Non-CoT | Notion

Chain-of-Thought Reasoning Without Prompting

Authors: Xuezhi Wang ; Denny Zhou

In enhancing the reasoning capabilities of large language models (LLMs), prior research primarily focuses on specific prompting techniques such as few-shot or zero-shot chain-of-thought (CoT) prompting. These methods, while effective, often involve manually intensive prompt engineering. Our study takes a novel approach by asking: Can LLMs reason effectively without prompting? Our findings reveal that, intriguingly, CoT reasoning paths can be elicited from pre-trained LLMs by simply altering the \textit{decoding} process. Rather than conventional greedy decoding, we investigate the top-$k$ alternative tokens, uncovering that CoT paths are frequently inherent in these sequences. This approach not only bypasses the confounders of prompting but also allows us to assess the LLMs' \textit{intrinsic} reasoning abilities. Moreover, we observe that the presence of a CoT in the decoding path correlates with a higher confidence in the model's decoded answer. This confidence metric effectively differentiates between CoT and non-CoT paths. Extensive empirical studies on various reasoning benchmarks show that the proposed CoT-decoding substantially outperforms the standard greedy decoding.

Q : 这篇论文试图解决什么问题？

A : 这篇论文试图解决的问题是如何在不使用特定提示（prompting）技术的情况下，有效地从大型语言模型（LLMs）中激发出链式思考（Chain-of-Thought, CoT）推理路径。具体来说，研究者们探讨了以下几个关键问题：

LLMs是否能够在没有提示的情况下进行有效推理？ 研究者们发现，通过简单地改变解码过程，可以从预训练的LLMs中激发出CoT推理路径，而不需要依赖于传统的贪婪解码（greedy decoding）。
LLMs的内在推理能力如何评估？ 通过观察模型在解码过程中的CoT路径，研究者们提出了一种新的方法来评估LLMs的内在推理能力，这种方法避免了提示引入的混淆因素。
CoT路径的存在与模型解码答案的置信度有何关联？ 研究者们观察到，当解码路径中存在CoT时，模型对其解码答案的置信度通常会更高。这种置信度指标有效地区分了CoT和非CoT路径。
CoT-decoding方法在各种推理基准测试中的表现如何？ 通过广泛的实证研究，研究者们展示了所提出的CoT-decoding方法在多种推理基准测试中显著优于标准的贪婪解码。

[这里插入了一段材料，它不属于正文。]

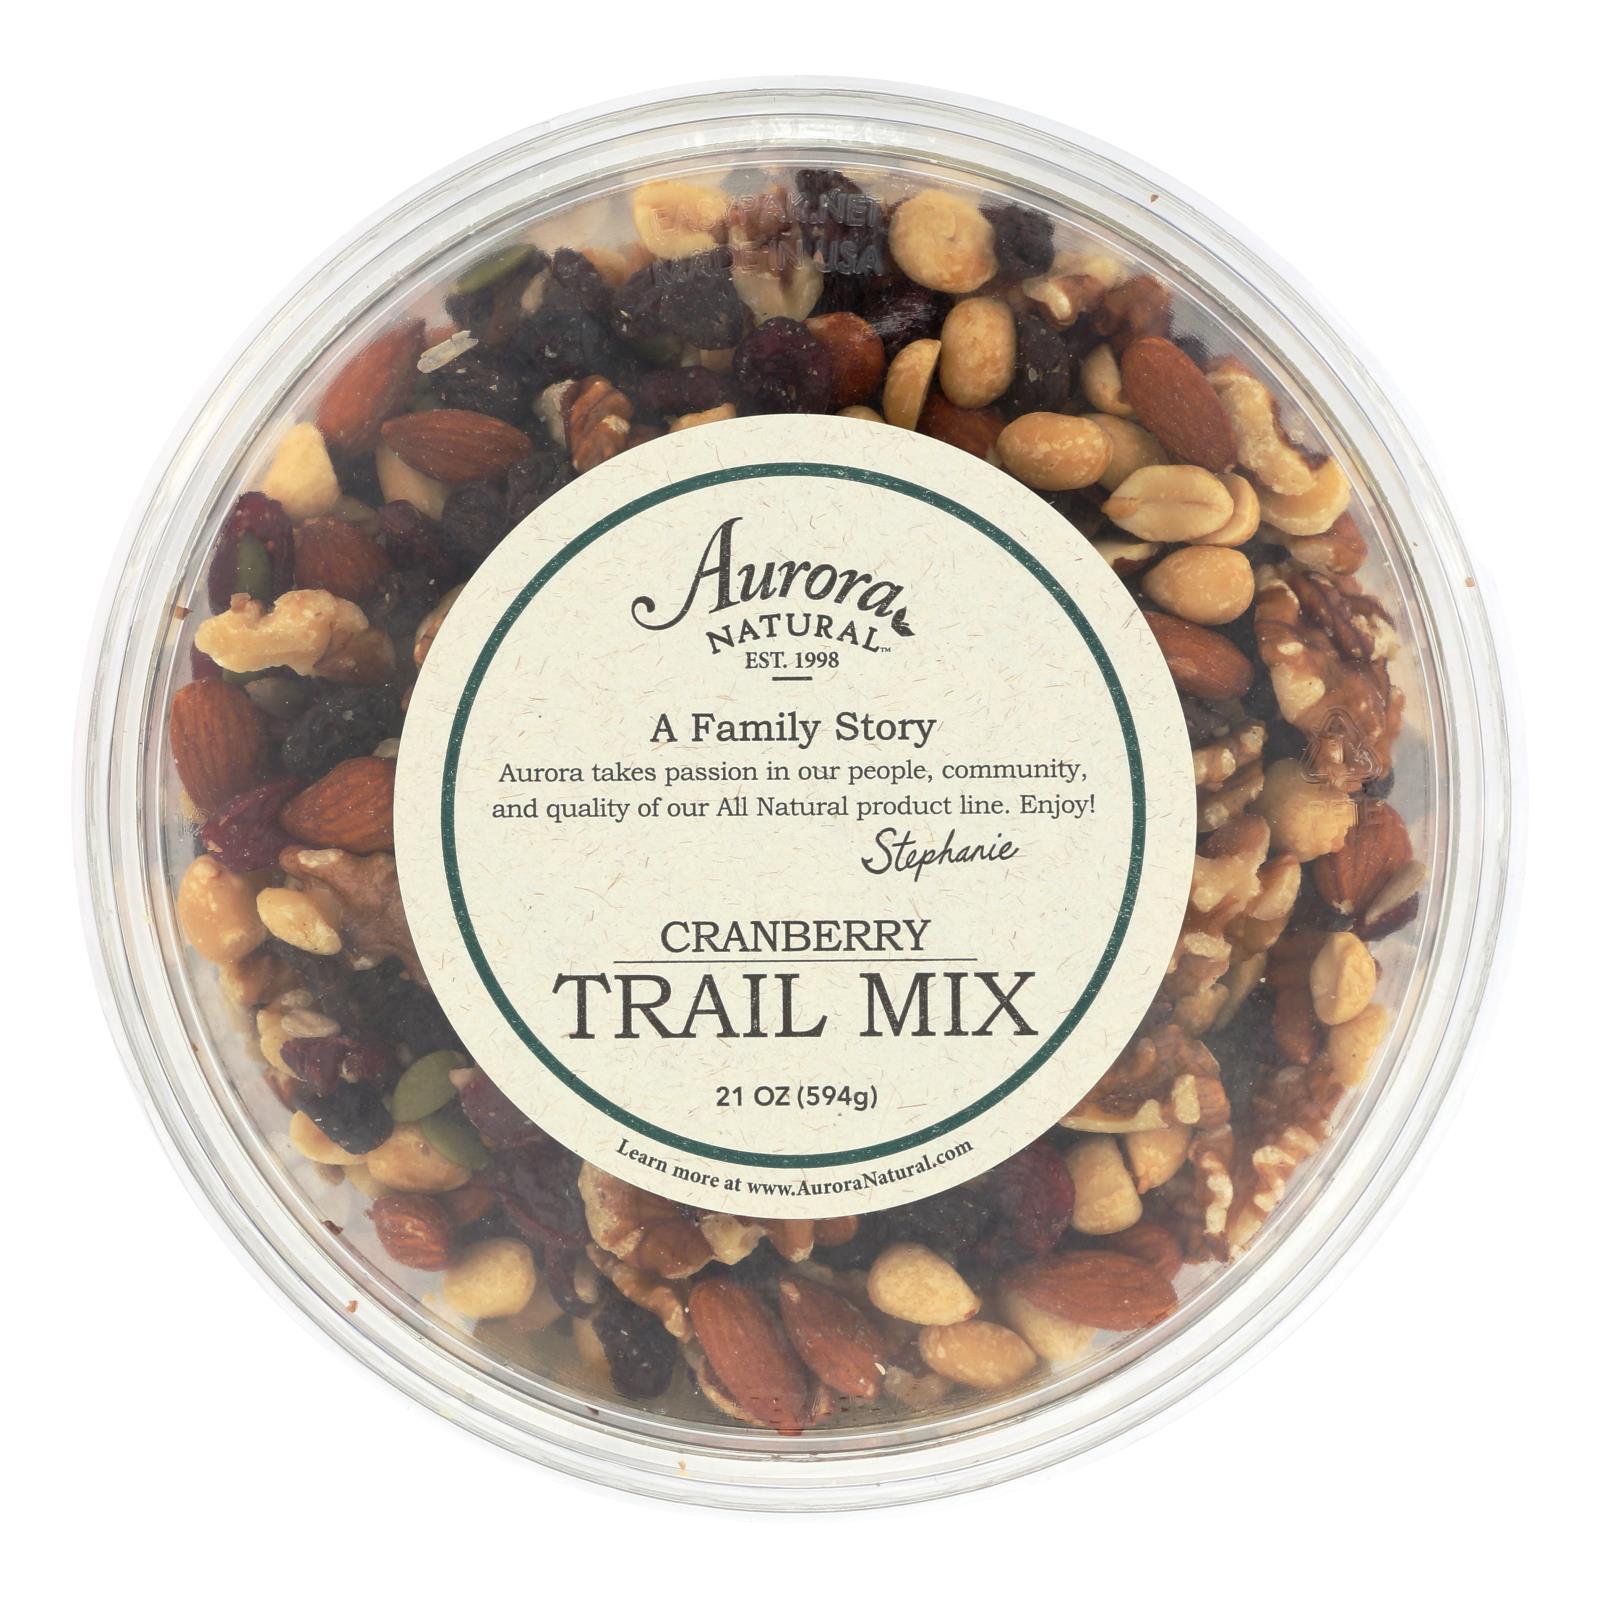 Aurora Natural Products, Aurora Natural Products - Trail Mix - Cranberry - Case of 12 - 21 oz. (Pack of 12)

总的来说，这篇论文的核心贡献在于提出了一种新的视角来探索和利用LLMs的推理能力，即通过改变解码策略来自然地揭示模型的推理路径，而不是依赖于外部的提示或训练。这种方法不仅提高了模型在各种推理任务上的性能，而且为理解模型的内在推理机制提供了新的见解。

Q ：有哪些相关研究？

A : 这篇论文提到了多个与大型语言模型（LLMs）推理能力相关的研究，以下是一些关键的相关研究：

链式思考（Chain-of-Thought， CoT）推理 ：
- Kojima et al. (2022) 提出了零样本（zero-shot）CoT提示方法，通过特定的指令来引导模型展示中间步骤。
- Yasunaga et al. (2023) 也探讨了零样本CoT提示在推理任务中的应用。
- Wei et al. (2022) 研究了在数学问题解决中，通过少量样本（few-shot）CoT提示来提高模型性能。
模型训练和指令调整（Instruction Tuning） ：
- Chung et al. (2022) 和 Cobbe et al. (2021b) 通过在大量CoT推理数据上进行模型训练或指令调整，来提高模型的推理能力。
解码算法 ：
- Wang et al. (2023a) 提出了一种基于自洽性（self-consistency）的解码方法，通过聚合多个生成的响应来改善推理性能。
- Li et al. (2023a) 提出了对比解码（contrastive decoding），通过惩罚小型模型的logits来提高生成质量。
模型理解和知识发现 ：
- McCoy et al. (2023) 和 Prystawski et al. (2023) 研究了模型在面对不同任务时，如何从经验中产生推理。
- Razeghi et al. (2022) 分析了预训练数据的分布如何影响模型在少量样本推理任务中的表现。
模型调整和代理调优（Proxy Tuning）：
- Liu et al. (2024) 提出了一种通过代理模型来调整大型语言模型的方法，以提高其在推理任务上的性能。

这些研究为理解LLMs的推理能力、改进模型的推理性能以及探索模型的内在机制提供了丰富的理论和实践基础。论文中提出的CoT-decoding方法在这些研究的基础上，进一步探索了如何通过改变解码策略来激发和利用模型的内在推理能力。